# The Autowerks: Porsche 964 - paint correction & wheel refurbishment



## The Autowerks (Mar 31, 2006)

The owner of this Porsche called me up last Saturday wanting to get his car looking its best ready for a 911uk.com meet that was organised for today. He popped down that day with the car for me to look over it and discuss with him what he wanted to be done exactly.

His first priority was the exterior and we agreed that full paint correction and refurbing the wheels would knock years of the car.

Luckily he was able to drop the car off first thing Monday morning which gave us alot of time to get all the work done.

First thing to do was to get the wheels and tyres off in order to get them stripped.

*Alloy wheels - BEFORE*

Considering their age they weren't in bad condition at all, but the years of brake dust and dirt build-up down the bolt holes really made them look tired, plus the paint on the side of the spokes was starting to bubble.





































*Paintwork - BEFORE*

The paintwork was very swirly, but nothing that couldn't be corrected. It's seen a body shop in it's time which was evident from the holograms, but also there was a bit of filler sinkage on the nearside front wing.





































*Paintwork - DURING*

Correction was achieved using 3M Fast Cut Plus on a light cutting pad followed by 3M Ultrafina on a finishing pad. Which left the paintwork looking like this:























































Zaino was the sealant of choice for the body, with Zaino Clear Seal applied to the wheels both inside and out to add a bit of protection.

The wheel centre caps were left off as they had corroded pretty badly and the owner wanted to buy and fit new ones.

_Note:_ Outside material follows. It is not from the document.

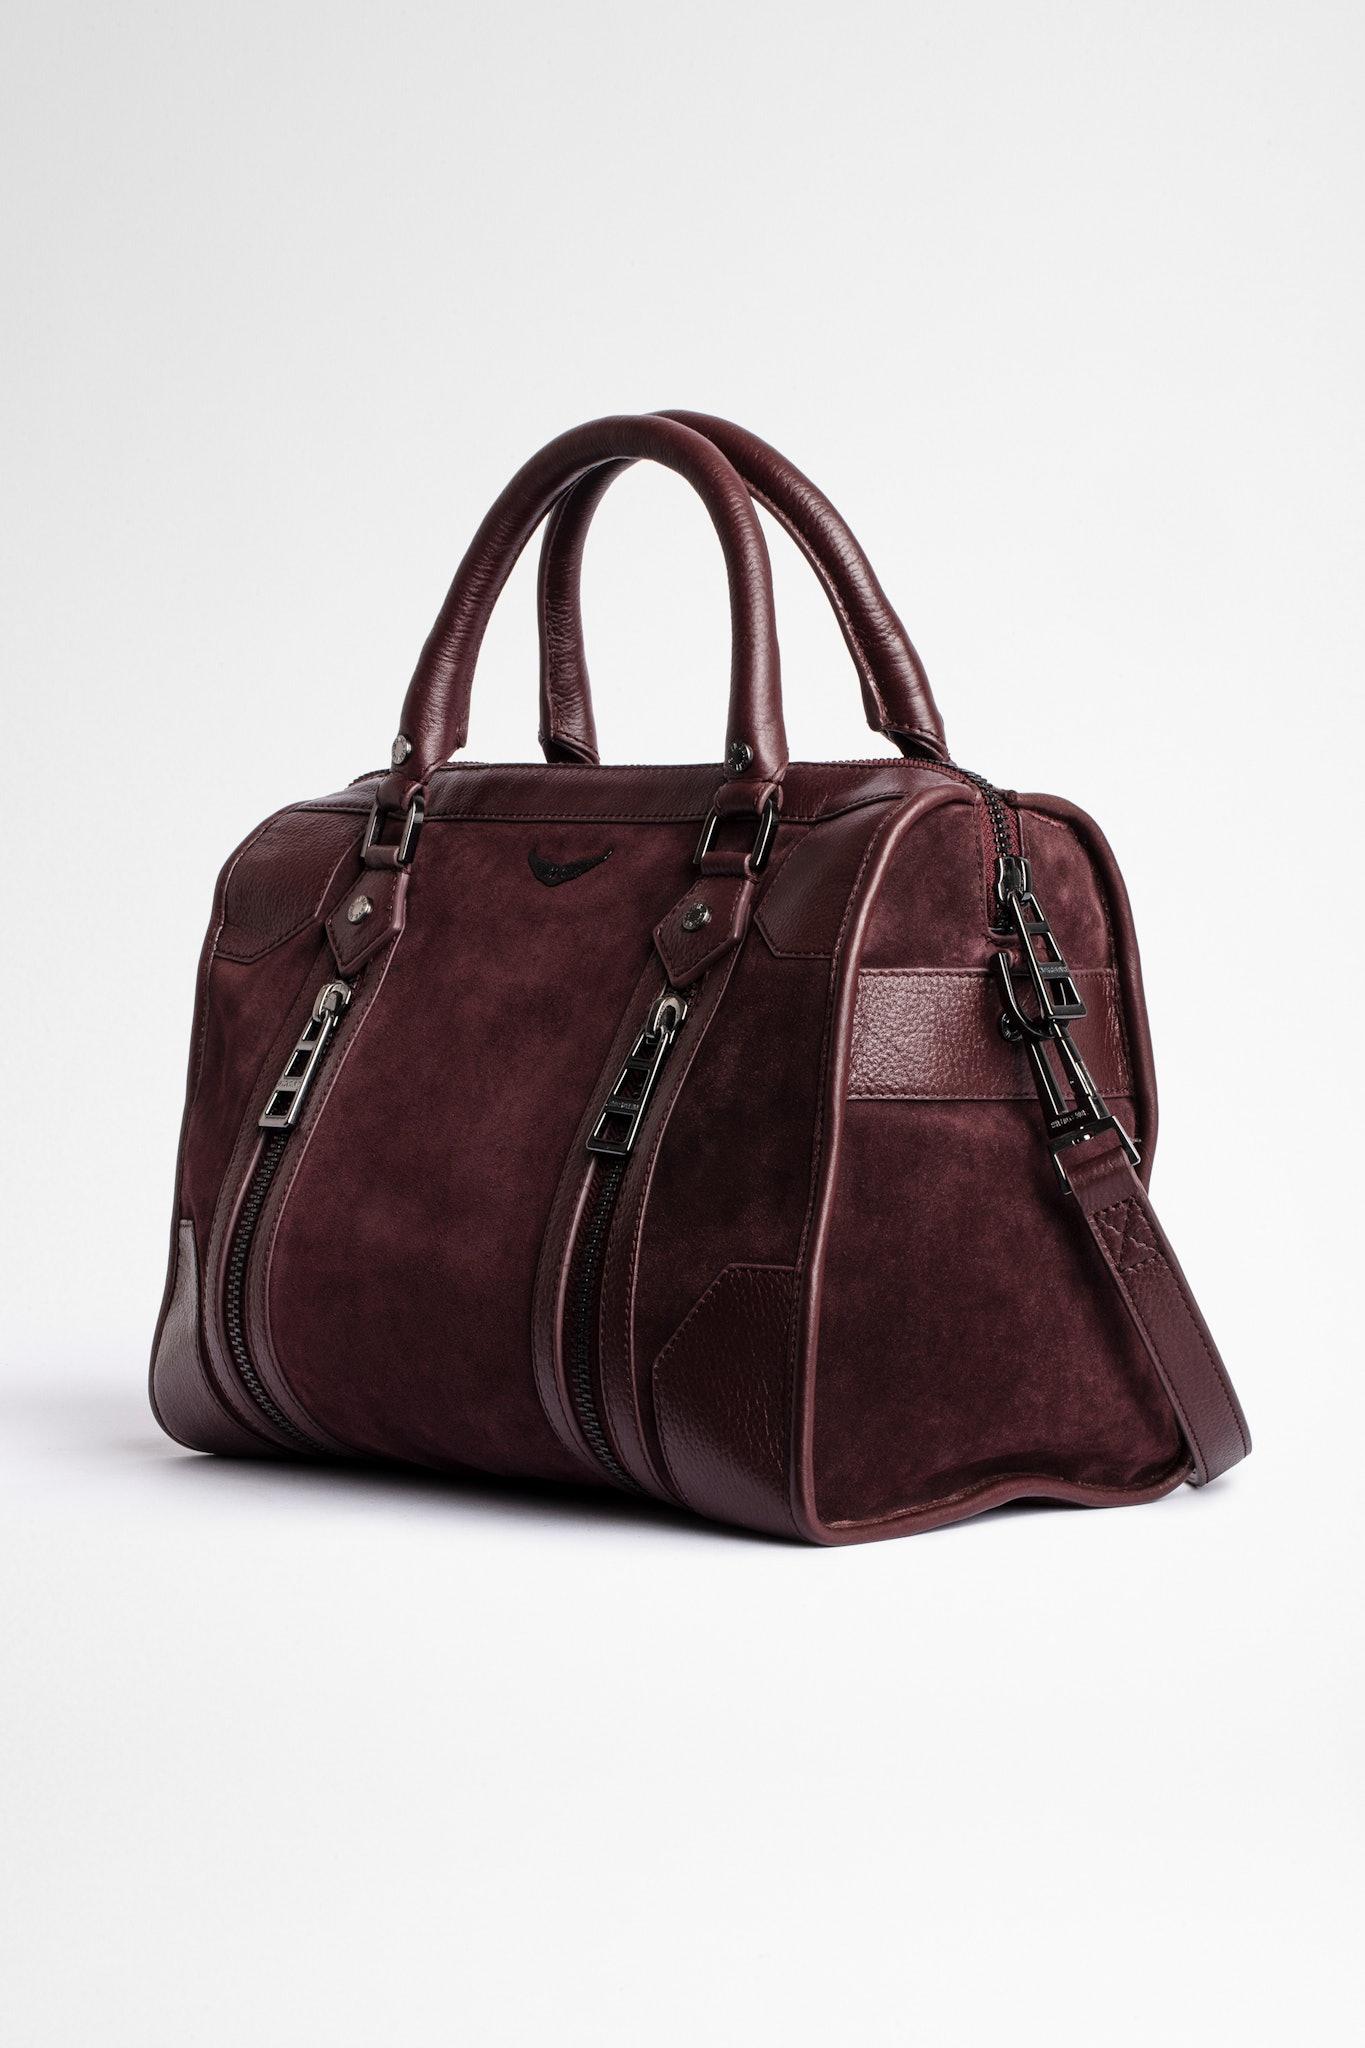 Sunny Medium #2 Bag

I split the balance weights on the wheels so that they are hidden behind the spokes of the wheels - it's a pretty neat feature on the wheel balancer we've got.

*AFTERS*


----------



## Deanvtec (Mar 3, 2008)

:thumb:Stunning work, The porker looks better than the day it would of left the factory.


----------



## beardboy (Feb 12, 2006)

Great work on the paint and wheels Harry :thumb:

Looks great


----------



## Rowan83 (Aug 21, 2007)

WOW! That looks incredible.

Awesome transformation on the alloys :argie:


----------



## SC4SC (May 8, 2008)

Harry, great work. I love porsches and the 911 is the best.:thumb:


----------



## Jesse74 (Jul 19, 2008)

Hat's off to you Harry! Fantastic work! :thumb:


----------



## Guest (Mar 1, 2009)

stunning job there mate,also those wheel's look great :thumb:


----------



## AM8 (Jan 3, 2009)

Outstanding!


----------



## ads2k (Jul 12, 2006)

Stunning job there Harry :thumb:


----------



## Vyker (Sep 17, 2008)

Very impressive Harry

Would have personally preferred silver bolts, but classy nonetheless.


----------



## Petrol-head (May 26, 2008)

Great work on the wheels! What a transformation :thumb:


----------



## detailersdomain (Sep 13, 2006)

nice work on the wheels and the pcar


----------



## The Autowerks (Mar 31, 2006)

thanks guys, apparently it turned a good few heads at the meet it attended yesterday


----------



## Nanolex (Jun 8, 2008)

Great work, I love the 964, it's a classic and with that finish it looks really lovely! 
The interior looks quite nice and seems to be a special version, did you take any pics?


----------



## thomasb (Nov 2, 2007)

The Autowerks said:


> thanks guys, apparently it turned a good few heads at the meet it attended yesterday


Not surprised looks a minter,great job:thumb:
Loving the alloys.


----------



## KleenChris (Apr 4, 2008)

Great work :thumb:


----------



## ahaydock (Jan 4, 2007)

Nice work there Harry :thumb:


----------



## The Autowerks (Mar 31, 2006)

Nanolex said:


> Great work, I love the 964, it's a classic and with that finish it looks really lovely!
> The interior looks quite nice and seems to be a special version, did you take any pics?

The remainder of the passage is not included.